Why is there a sort showing up in my execution plan?
Asked Answered
K

5

24

I have the sql query below that is running very slowly. I took a look at the execution plan and it is claiming that a sort on Files.OrderId is the highest cost operation (53%). Why would this be happening if I am not ordering by OrderId anywhere? Is my best bet to create an index on File.OrderId?

Execution plan if anyone is interested.

with custOrders as
(
    SELECT c.firstName + ' ' + c.lastname as Customer, c.PartnerId , c.CustomerId,o.OrderId,o.CreateDate, c.IsPrimary
    FROM Customers c
    LEFT JOIN CustomerRelationships as cr
        ON c.CustomerId = cr.PrimaryCustomerId
    INNER JOIN Orders as o
       ON c.customerid = o.customerid 
           OR (cr.secondarycustomerid IS NOT NULL AND o.customerid = cr.secondarycustomerid)
    where c.createdate >= @FromDate + ' 00:00' 
       AND c.createdate <= @ToDate + ' 23:59' 
),
 temp as
(
SELECT Row_number() 
         OVER ( 
           ORDER BY c.createdate DESC)                    AS 'row_number', 
       c.customerid as customerId, 
       c.partnerid as partnerId, 
       c.Customer, 
       c.orderid as OrderId, 
       c.createdate as CreateDate, 
       Count(f.orderid)                                   AS FileCount, 
       dbo.Getparentcustomerid(c.isprimary, c.customerid) AS ParentCustomerId, 
       au.firstname + ' ' + au.lastname                   AS Admin, 
       '' as blank, 
       0  as zero
FROM   custOrders c 
       INNER JOIN files f 
               ON c.orderid = f.orderid 
       INNER JOIN admincustomers ac 
               ON c.customerid = ac.customerid 
       INNER JOIN adminusers au 
               ON ac.adminuserid = au.id 
       INNER JOIN filestatuses s 
               ON f.statusid = s.statusid 
WHERE  ac.adminuserid IS NOT NULL 
       AND f.statusid NOT IN ( 5, 6 ) 
GROUP  BY c.customerid, 
          c.partnerid, 
          c.Customer, 
          c.isprimary, 
          c.orderid, 
          c.createdate, 
          au.firstname, 
          au.lastname 
)
Krugersdorp answered 8/1, 2013 at 16:25 Comment(6)
Error while validating source XMLMoncton
Check out this article, the 'How to avoid SORT operations' section.Limbate
Yeah I saw that.

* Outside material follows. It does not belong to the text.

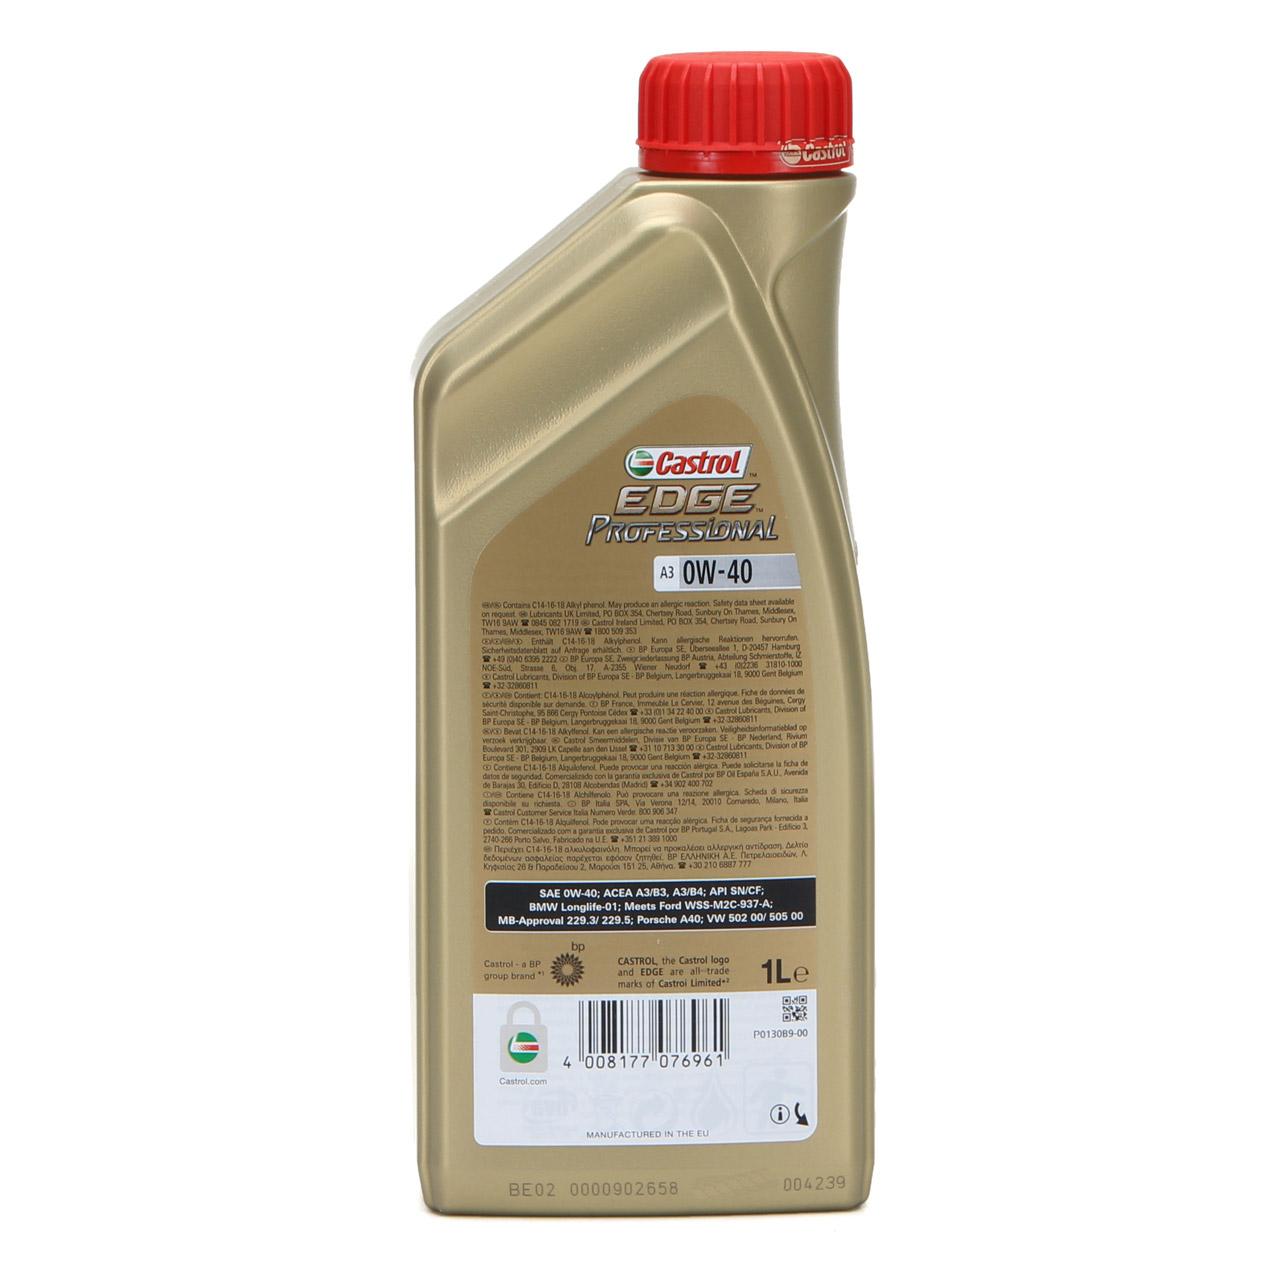 CASTROL EDGE Professional Motoröl Öl TITANIUM FST A3 0W40 BMW LL-01 - 1L 1 Liter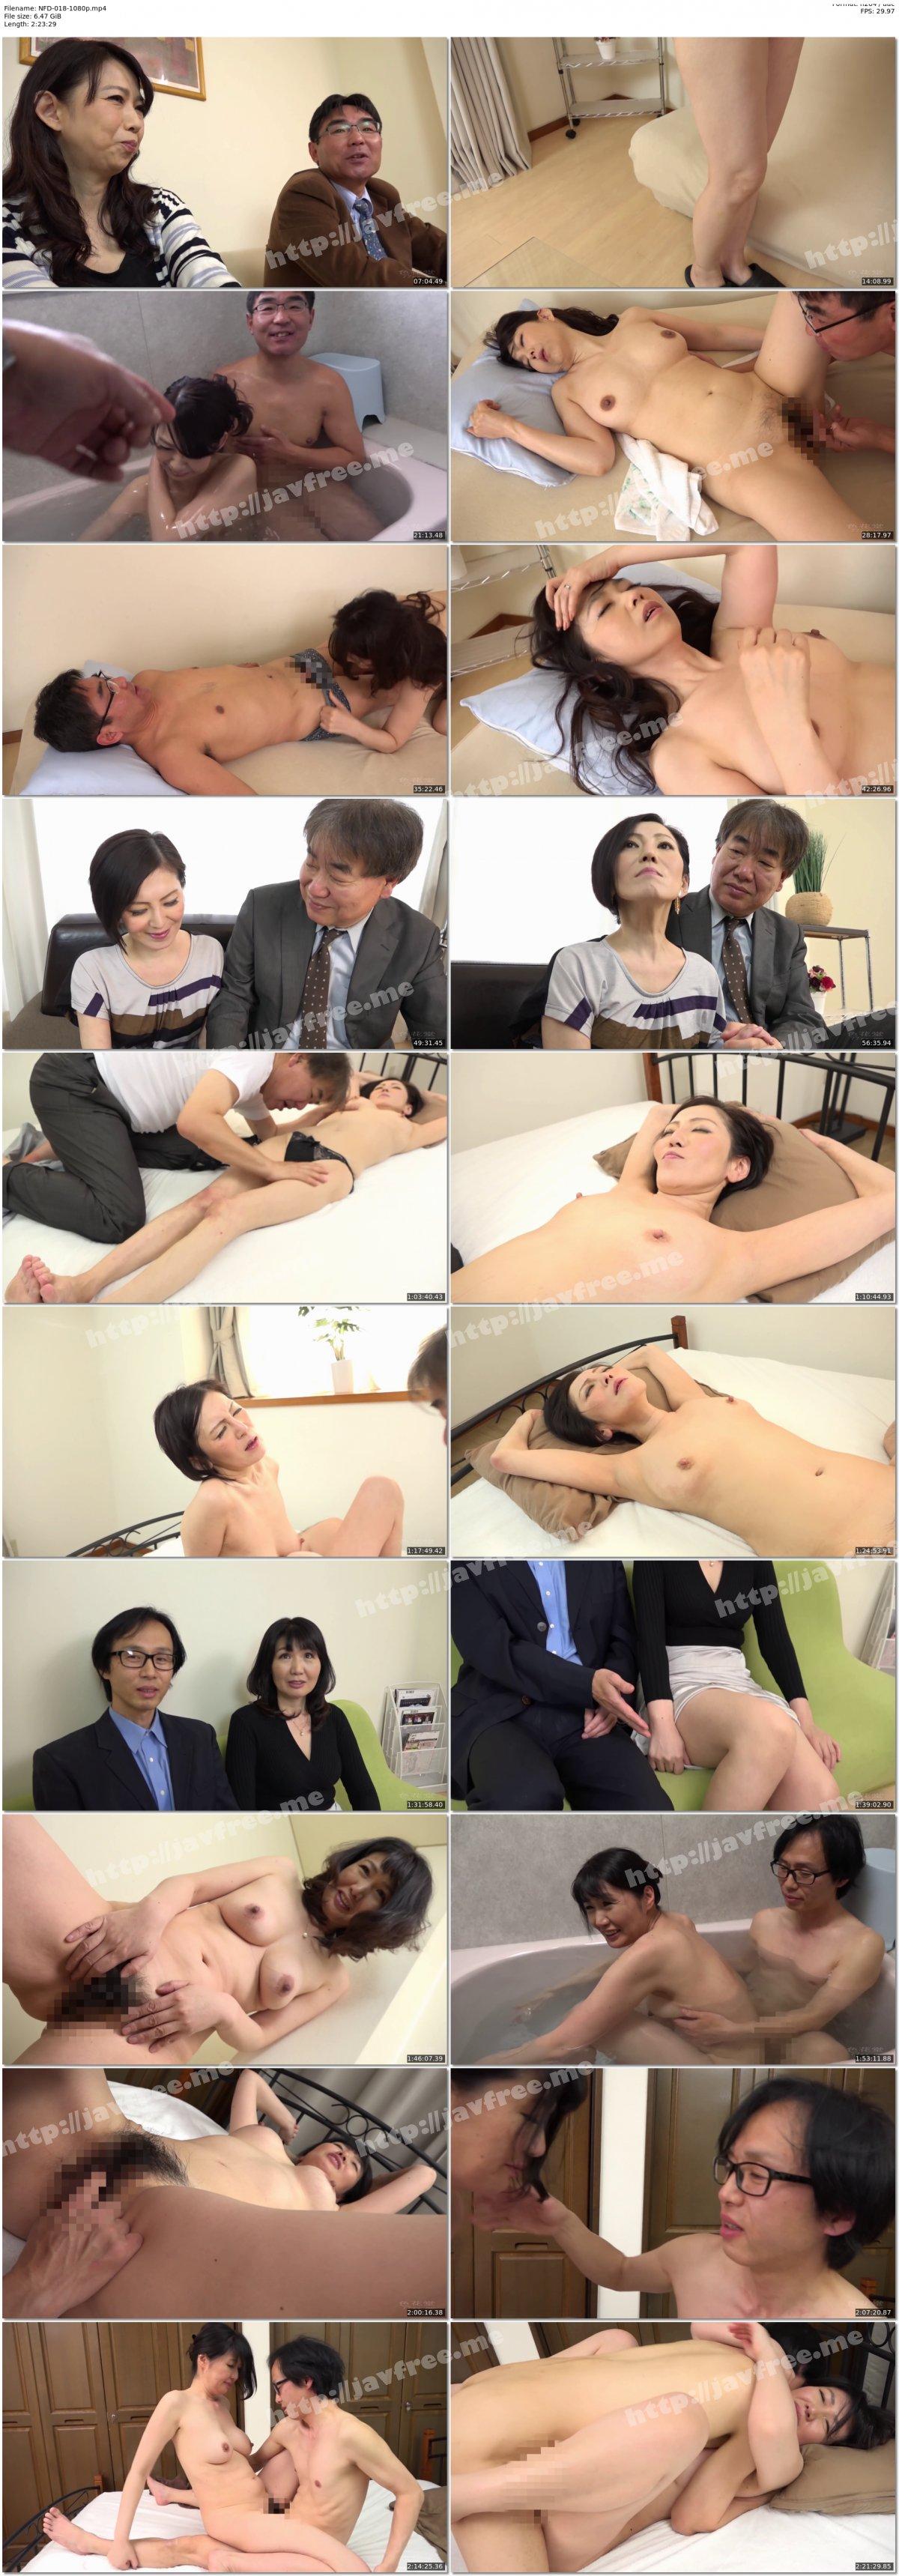 [HD][NFD-018] 実録 中高年の夫婦生活 参 3組のカップルの充実したセックスライフ - image NFD-018-1080p on https://javfree.me

Does it really make a difference? You can still see the XML...Krugersdorp
Doesn't OVER imply a sort?Moncton
@njk yes, but not by OrderIdBromate
@njk, we are explicitly ordering within the OVER, but not by order idKrugersdorp
B
17

SQL Server has three algorithms to choose from when it needs to join two tables. The Nested-Loops-Join, the Hash-Join and the Sort-Merge-Join. Which one it selects it bases on cost estimates. In this case it figured, that based on the information it had available a Sort-Merge-Join was the right choice.

In SQL Server execution plans a Sort-Merge is split into two operators, the Sort and the Merge-Join, because the sort operation might not be necessary, for example if the data is sorted already.

For more information about joins check out my join series here: http://sqlity.net/en/1146/a-join-a-day-introduction/ The article about the Sort-Merg-Join is here: http://sqlity.net/en/1480/a-join-a-day-the-sort-merge-join/


To make your query faster, I first would look at indexes. You have a bunch of clustered index scans in the query. If you can replace a few of them with seeks you will be most likely better off. Also check if the estimates that SQL Server produces match the actual row counts in an actual execution plan. If they are far off, SQL Server often makes bad choices. So providing better statistics can help your query performance too.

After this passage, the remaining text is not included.